ですので、マルチプラットフォームなコードを書きたい場合は、このencoding
を指定するのを忘れないようにしましょう。
たとえばUTF-8
で統一するならencoding
にUTF-8
を指定しておきます。
open('file.txt', 'w', encoding='utf-8')
withを使った自動クローズ
open()
で開いたファイルオブジェクトは使い終わったらクローズしないといけません。
fout = open('file.txt', 'w')
fout.close()
これを自動でやってくれるのがwith
です。
with
を使うとスコープが切れたら自動的にファイルがクローズされます。
ですので明示的なclose()
が必要ありません。
with open('file.txt', 'w') as fout:
pass
上記の場合、fout
がファイルオブジェクトです。
返り値
open()
の返り値はテキストファイルの場合はio.TextIOWrapper
で、バイナリファイルの場合はio.BufferedWriter
が返されます。
これら2つは違うオブジェクトですが、インターフェースがある程度統一されているので、使用者は特に意識しなくても同じ認識で使うことが可能になっています。

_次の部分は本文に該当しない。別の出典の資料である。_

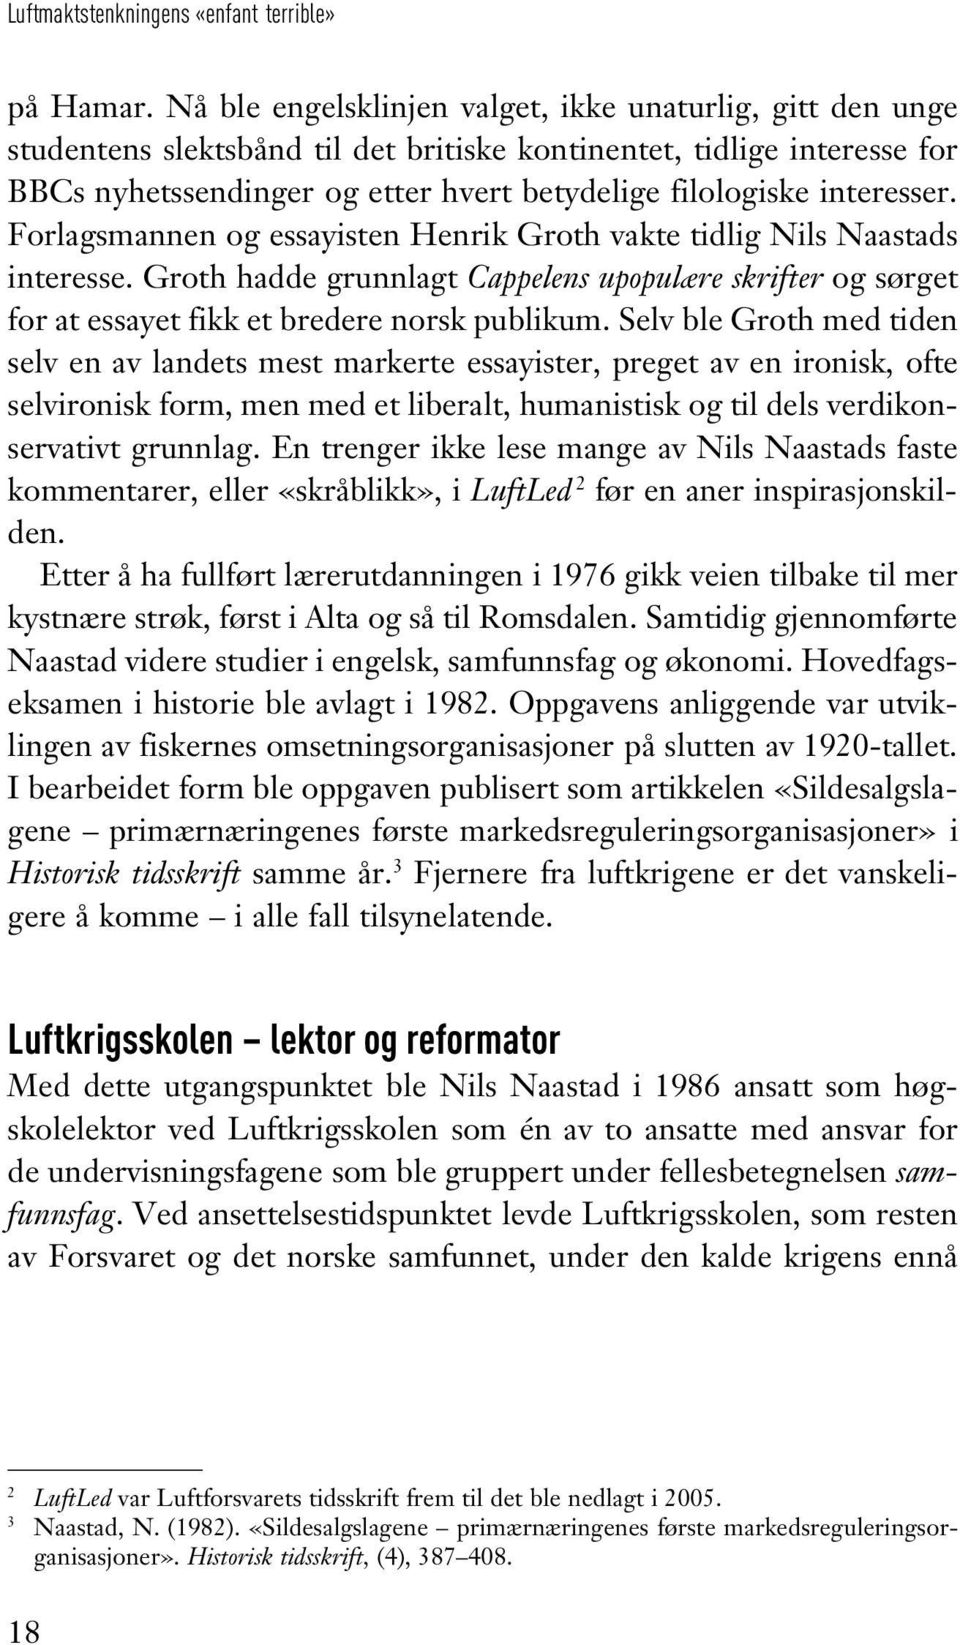 interesser. Forlagsmannen og essayisten Henrik Groth vakte tidlig Nils Naastads interesse. Groth hadde grunnlagt Cappelens upopulære skrifter og sørget for at essayet fikk et bredere norsk publikum.

with open('file.txt', 'w') as fp:
print(type(fp))
# <class '_io.TextIOWrapper'>
with open('file.txt', 'wb') as fp:
print(type(fp))
# <class '_io.BufferedWriter'>
io.TextIOWrapper — Python 3.12.1 ドキュメント
io.BufferedWriter — Python 3.12.1 ドキュメント
データの書き込み
テキストファイルへの書き込み
テキストファイルを新規作成し、書き込みを行うには以下のようなコードを書きます。
with open('file.txt', 'w', encoding='utf-8') as fout:
fout.write('hello')
上記の場合、file.txt
というファイルが新規作成されてhello
という文字列が書き込まれます。
書き込みにはファイルオブジェクトのwrite()
メソッドを使います。
file.txt
がすでに存在する場合はそのファイルの中身が空になります。
ちなみにfout
という変数はfile output
の略です。この命名は慣例的に使われることがあります。
逆はfin
でfile input
、file pointer
でfp
というのもよく使われます。
テキストファイルへの追記
テキストファイルを開き、追記を行うには以下のようなコードを書きます。
with open('file.txt', 'a', encoding='utf-8') as fout:
fout.write('world')
上記のコードでfile.txt
の中身がhello
だった場合は、追記によって中身がhelloworld
に更新されます。
ファイルが存在しなかった場合は新規でファイルが作成されます。
バイナリファイルへの書き込み
バイナリファイルを新規作成し、書き込みを行うには以下のようなコードを書きます。
with open('file.dat', 'wb') as fout:
fout.write(b'hello')
バイナリファイルのオープンではencoding
は必要ないことに注意してください。
また書き込むデータもb'hello
でb
プリフィックスを付けてバイト列にしていることに注目してください。
file.dat
がすでに存在する場合はそのファイルの中身が空になります。
バイナリファイルへの追記
バイナリファイルへ追記を行うには以下のようなコードを書きます。
with open('file.dat', 'ab') as fout:
fout.write(b'world')
file.dat
の中身がhello
だった場合は追記によって中身がhelloworld
に更新されます。
ファイルが存在しなかった場合は新規作成されます。
バッファのフラッシュ
ファイルオブジェクトはバッファリングと言って、データをある程度溜めてから一括で処理するということを行うことがあります。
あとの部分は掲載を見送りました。